--- EXERCISE DATA ---

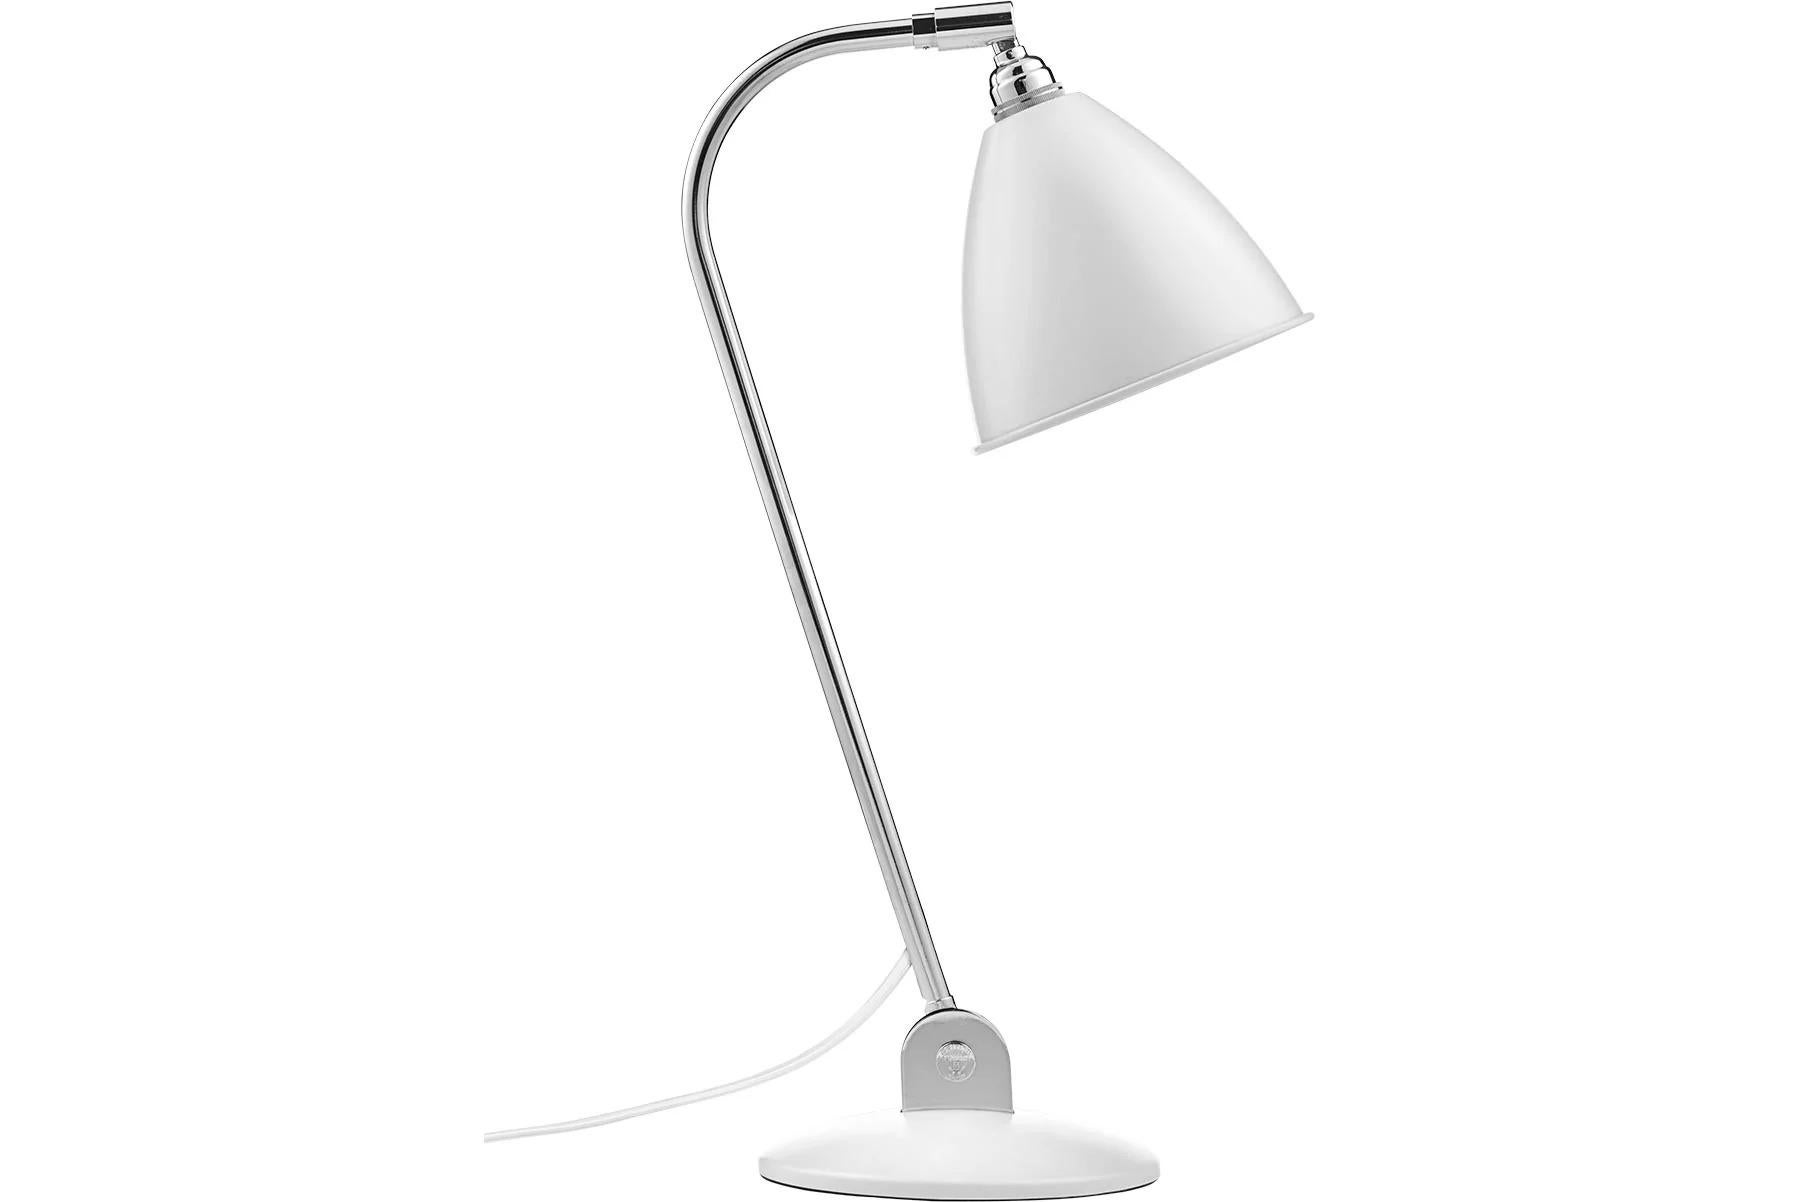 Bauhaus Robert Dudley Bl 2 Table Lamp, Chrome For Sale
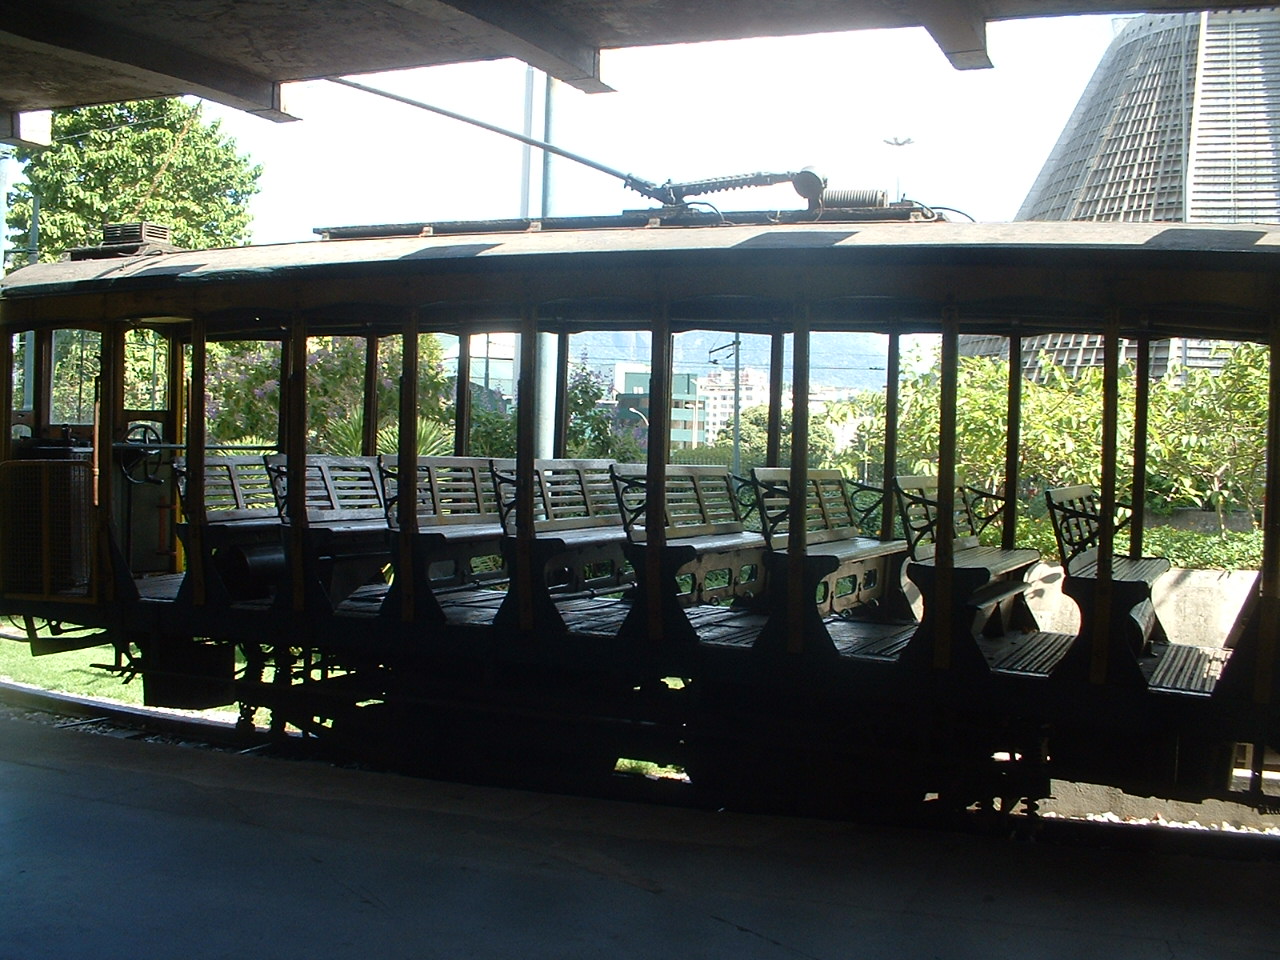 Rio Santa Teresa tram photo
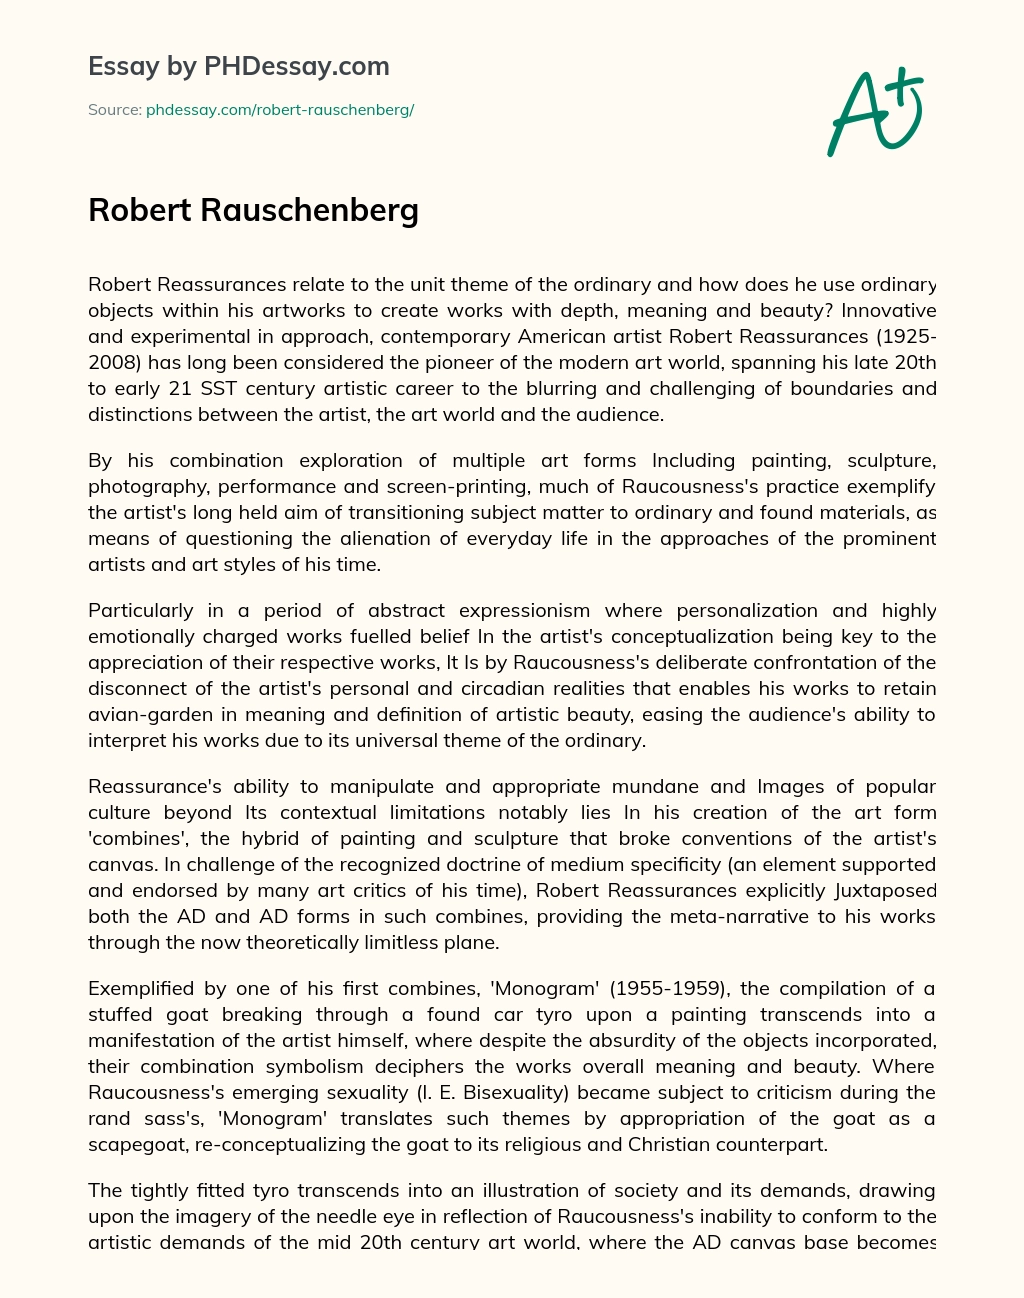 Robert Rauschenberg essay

---

● WORK REQUEST
Retype, word for word, only the line holding "Rio Santa Teresa tram photo" and the lines after it through the final line of the listing above, and leave every picture out.

● TASK ANSWER
 Rio Santa Teresa tram photo
 Robert Rauschenberg essay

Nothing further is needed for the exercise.